Sculpture de Karim Bléus

En d’autres termes, le sens et l’interprétation iconographiques de l’œuvre de l’artiste confirment qu’il donne vie à des matières inertes en vue de nous exposer des êtres en déroute, des parvenus de mondes inconnus, des extradés de l’au-delà. À travers le regard de ces statuts en récupération, il établit sans distinction un lien organique et complémentaire entre deux mondes : le réel et l’imaginaire. Selon son travail, l’un est le produit de l’autre, et vice-et-versa. Il est censé nous rappeler que le monde dans lequel nous vivons résulte de nos imaginations sans borne. Tout comme la religion ou le Dieu est le pur fruit de nos idées, le revers de la médaille est aussi pareil. Ce que nous pensons façonne le monde dans lequel nous vivons. Ainsi, le mystique prend chair dans l’œuvre de l’artiste pour dénoncer les horreurs, les caprices et les vices humains.
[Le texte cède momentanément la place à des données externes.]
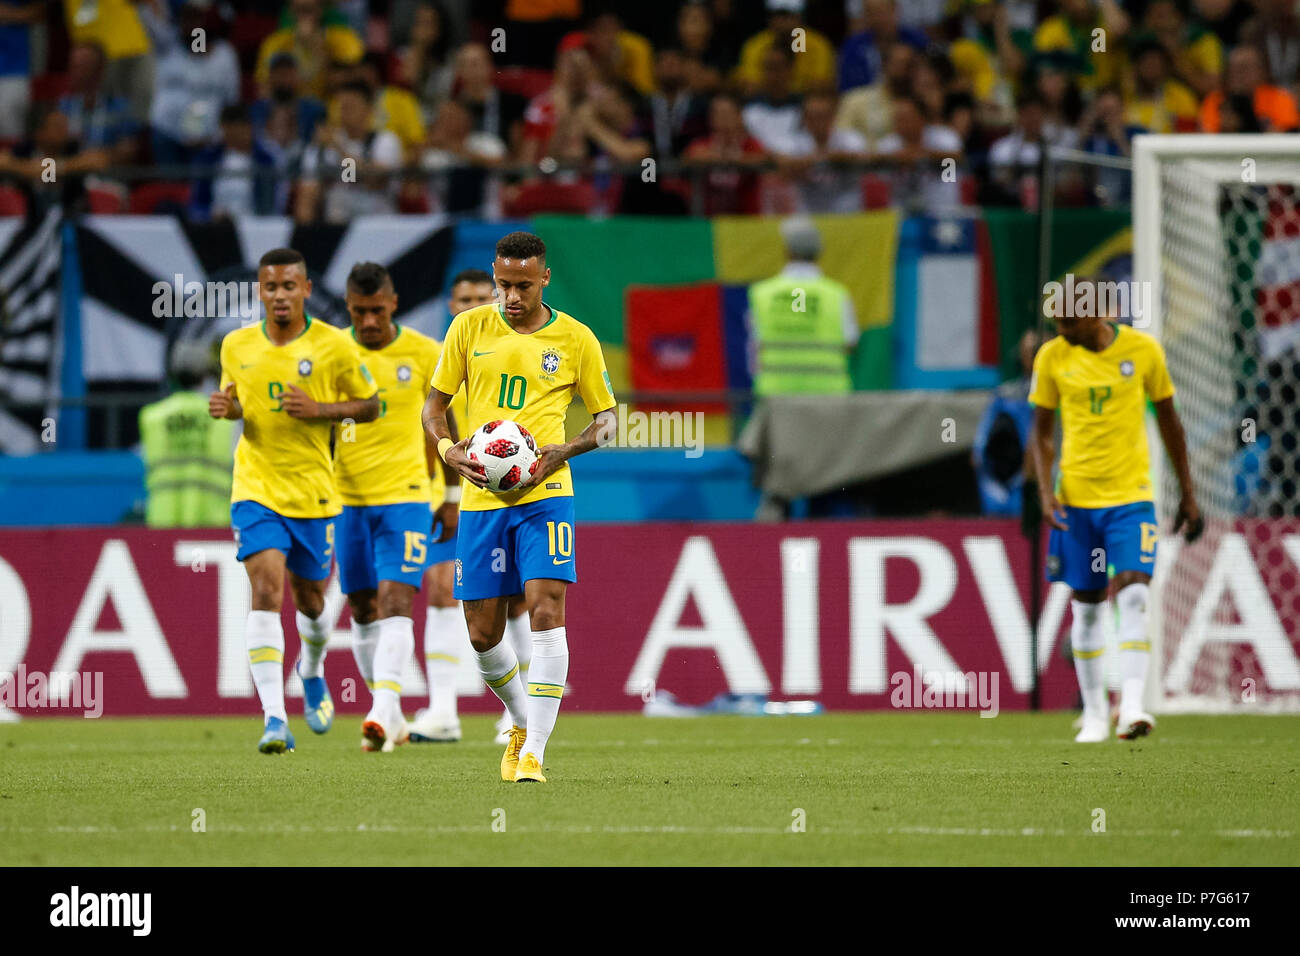 Kazan, Russia. 6th July 2018. Neymar of Brazil looks dejected after his side concede their first goal to make the score 1-0 during the 2018 FIFA World Cup Quarter Final match between Brazil and Belgium at Kazan Arena on July 6th 2018 in Kazan, Russia. Credit: PHC Images/Alamy Live News Stock Photo

Né à Port-au-Prince, plasticien de formation à l’École Nationale des Arts (Haïti), il s’initie au travail du bois et à l’anatomie par son frère Christophe Hérard, artisan-sculpteur. Il a dès son enfance débuté dans l’argile, puis a essayé d’autres médiums tels que le marbre et la peirre avant de s’adonner essentiellement à la sculpture communément appelée sculpture de récupération à côté de Nasson et Ti Pèlen. Il participe dans de nombreuses expositions en Haïti et à l’étranger : Institut Français en Haïti avec AfricAmerica ; au Musée International de l’Esclavage à Liverpool ; au Musée des Beaux-Arts à Port-au-Prince ; à Les Ateliers Jérôme à Pétion-ville ; au Musée d’Art Contemporain (MOCA) à Miami ; à l’Institut Supérieur d’Études et de Recherches en Sciences Sociales (IERAH/ISERSS) à Port-au-Prince ; à l’ARTOCARPE, Centre d’Art Contemporain du Moule au Guadeloupe. Il a eu le premier prix du concours de création artistique organisé par Ayiti Klere en 2019, après son exposition avec l’association Culture en Trois Dimensions (C3D) à Yanvalou. Ses œuvres seront exposées à partir du lundi 06 janvier 2020 au centre culturel Jaden Samba. L’exposition mettra en espace ouvert au public l’ensemble de ses sculptures.